Chinese AI Models Are Optimized For Benchmarks Instead Of Real-World Use: Anthropic CEO Dario Amodei

Anthropic has publicly said that DeepSeek, Moonshot AI and Minimax “stole” Claude’s capabilities by distilling its answers, and now it’s saying that their impressive performance on benchmarks is gamed too.

Dario Amodei made the remarks on the Nikhil Kamath podcast, in what amounts to one of the more pointed public critiques of Chinese AI models from a sitting US lab CEO. The comments touch on benchmark integrity, the economics of AI adoption, and why Amodei believes raw capability — not price — is what ultimately wins in the market. It’s a revealing window into how Anthropic thinks about competition, even if Amodei’s position as a direct competitor gives reason to weigh his words carefully.

“A lot of these models, particularly the ones that come from China, are optimized for benchmarks and are distilled from the big US labs,” Amodei said. He pointed to a specific example to back the claim: “There was a test recently where some of these models scored very highly on the usual SWE benchmarks, the usual software engineering benchmarks. But then when someone made a held-back benchmark — one that had not been publicly measured — the models did a lot worse on that.”

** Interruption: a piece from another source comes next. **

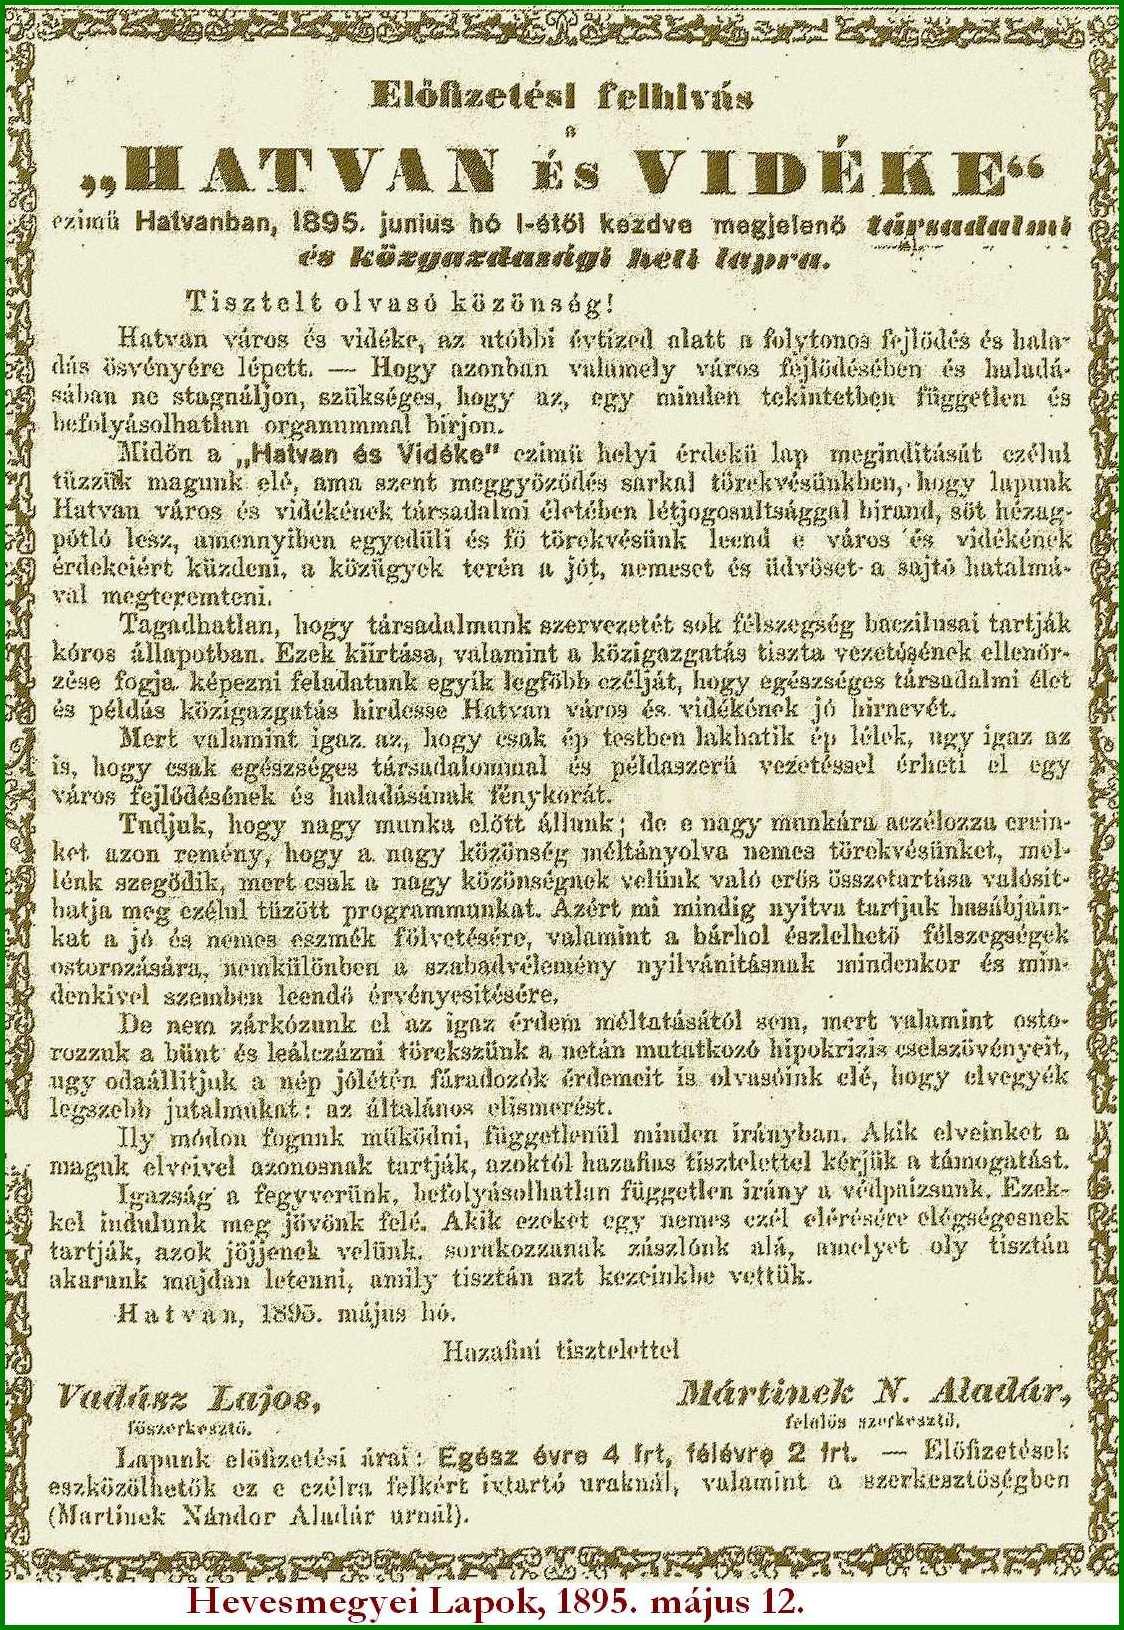 Hatvan és Vidéke hirdetés 1895 v2.jpg

The implication is straightforward: if a model has been trained or fine-tuned on data that includes answers to widely-used benchmarks, it will naturally score well on those tests without necessarily being better at novel problems. “Those models are optimized for benchmarks much more than for real-world use,” Amodei said.

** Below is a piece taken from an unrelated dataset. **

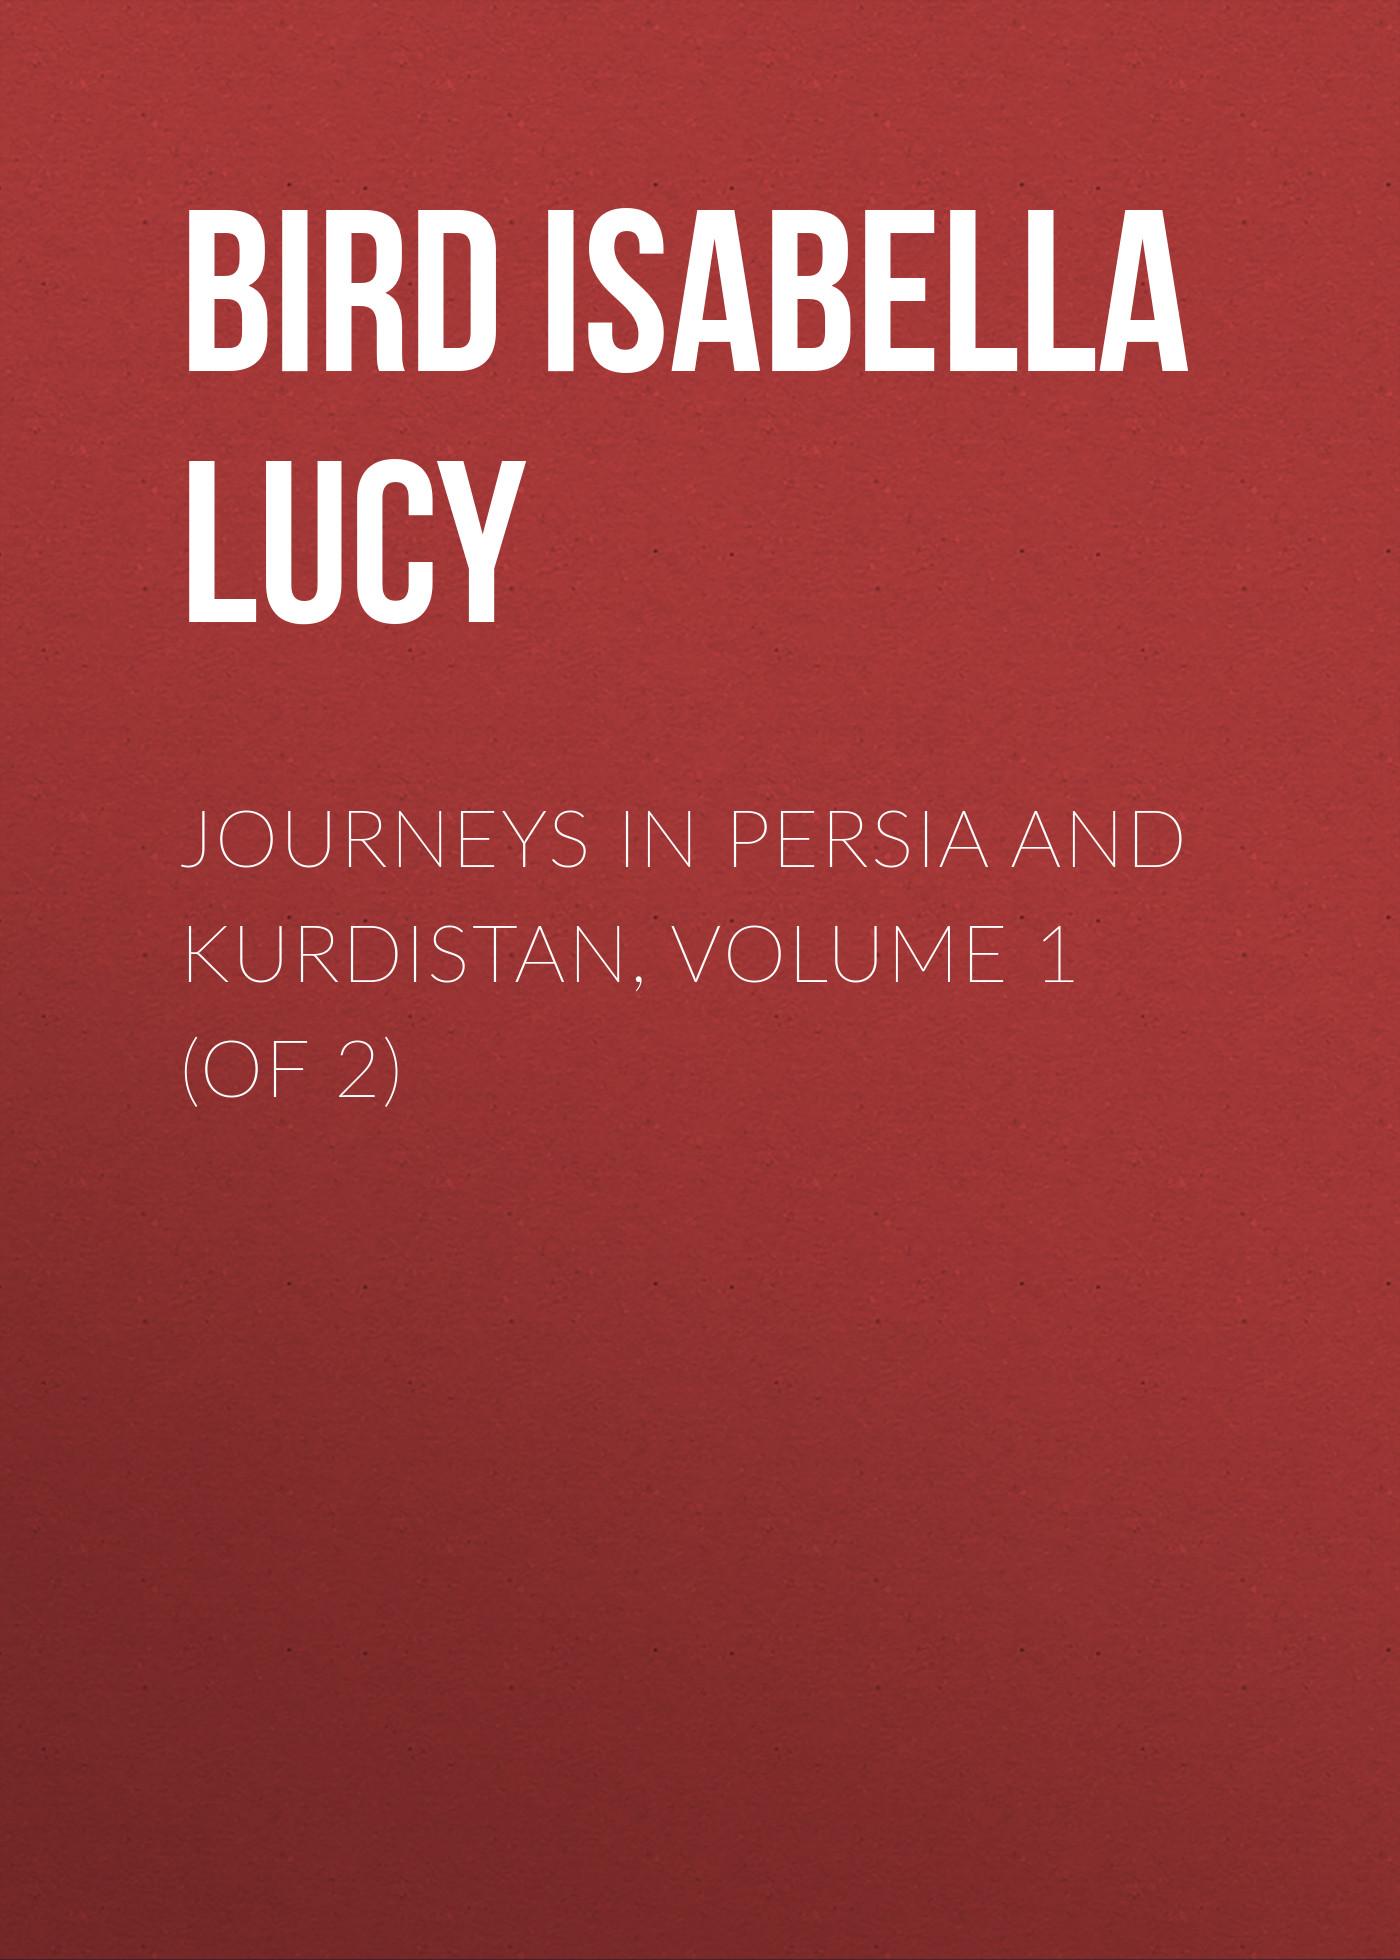 Bird Isabella Lucy Journeys in Persia and Kurdistan, Volume 1 (of 2)

He then pivoted to a broader argument about the economics of AI adoption. “I think the economics of the models are very different than any previous technology. What we find is that there is a very strong preference for quality.” To illustrate this, he reached for an employment analogy: “It’s a bit like human employees. If I said to you, you can hire the best programmer in the world, or the 10,000th best programmer in the world — they’re both very skilled. But I think anyone who’s hired a large number of people has this intuition that there’s a power law, long-tail distribution of ability.”

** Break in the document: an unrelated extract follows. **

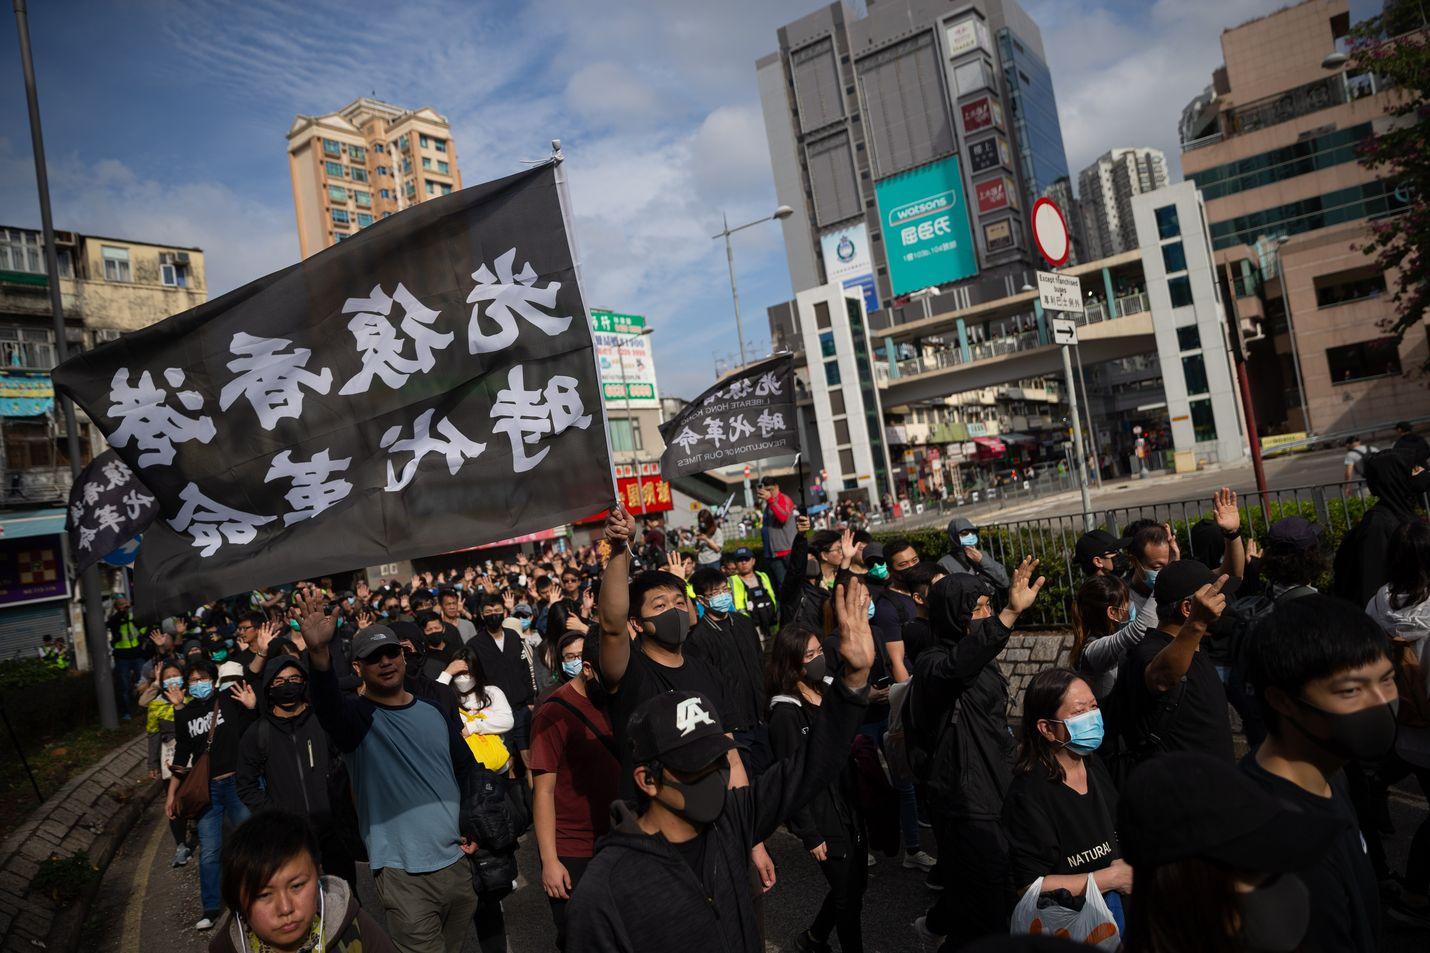 Ruotsissa Kiina on yrittänyt vaikuttaa median toimintaan. Kuvaa Hongkongin demokratiamielenosoituksista tammikuulta.

The same dynamic, he argues, plays out in AI. “Within a range, price doesn’t matter that much. If a model is the best model, the most cognitively capable model, price doesn’t matter much. The forum in which it’s presented doesn’t matter much. So I’m focused almost entirely just on having the smartest model and the best model for the task.”

It’s worth noting the context in which Amodei is making these arguments. Chinese models — DeepSeek’s R1 in particular — sent shockwaves through the AI industry earlier this year, with claims of frontier-level performance at a fraction of the training and inference cost of US counterparts. That narrative directly threatens the premium pricing model that Anthropic and OpenAI depend on. Real-world adoption numbers add further pressure: usage of Chinese open-source models on platforms like OpenRouter has been climbing sharply, suggesting that developers aren’t just benchmarking these models but actually deploying them. Amodei is a also a known China hawk — he’s previously called for export controls to chips to China, and has recently said that it’s crazy that the US is continuing to do so. Amodei is, in other words, incentivized to make exactly this argument. That doesn’t make him wrong, but it does mean the claim deserves independent scrutiny.

The benchmark contamination concern is, however, legitimate and widely shared. Researchers have repeatedly flagged that as benchmarks become public, they inevitably find their way into training data — a problem that affects US labs too, not just Chinese ones. The more meaningful question is whether the specific held-back benchmark Amodei references, and others like it, consistently show the same performance gap. If they do, it would lend real weight to the argument that some of the most dramatic benchmark results from Chinese labs are more a reflection of optimization than genuine capability. That’s a distinction the industry will need cleaner, more systematic evidence to settle — and it matters enormously for any company or developer deciding which model to build on.